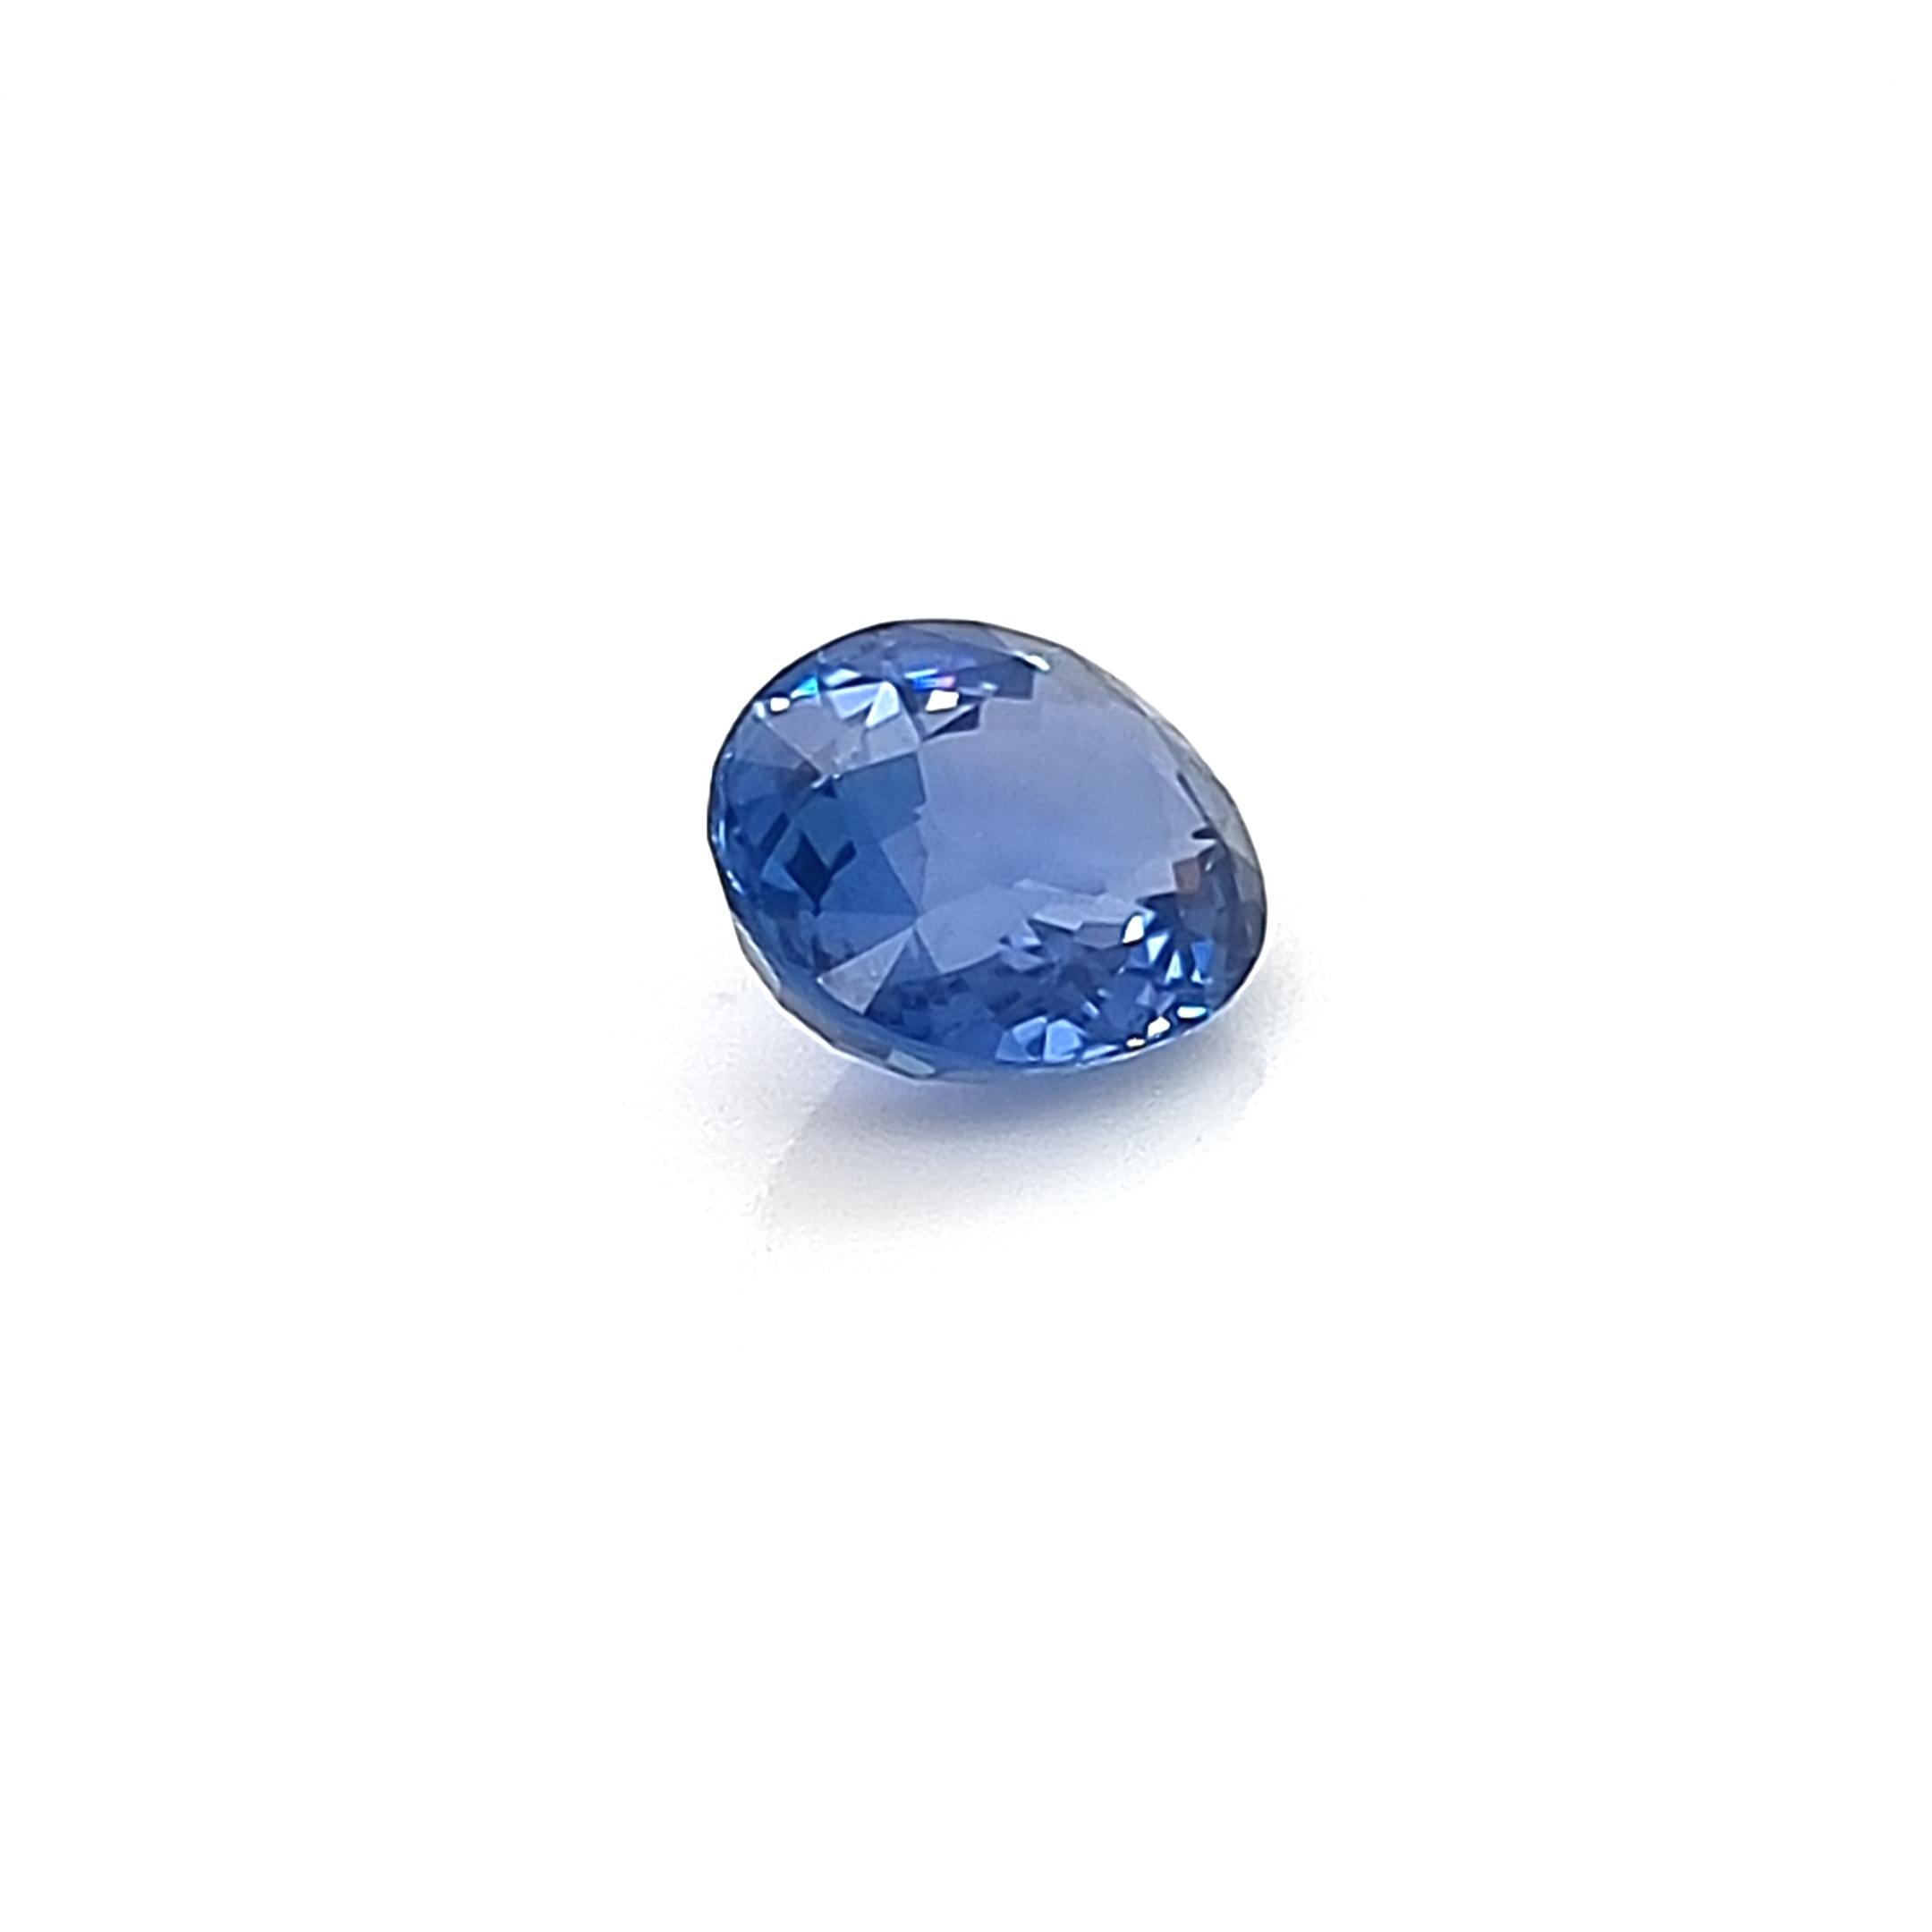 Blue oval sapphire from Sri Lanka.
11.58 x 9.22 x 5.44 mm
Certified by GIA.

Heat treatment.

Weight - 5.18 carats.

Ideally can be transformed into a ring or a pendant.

^^^^^^^^^^^^^^^^

**WHAT YOU SHOULD DO:** Full transcription without images: please go through the records and repeat them exactly.

**TASK RESPONSE:**
 Blue oval sapphire from Sri Lanka.
11.58 x 9.22 x 5.44 mm
Certified by GIA.

Heat treatment.

Weight - 5.18 carats.

Ideally can be transformed into a ring or a pendant.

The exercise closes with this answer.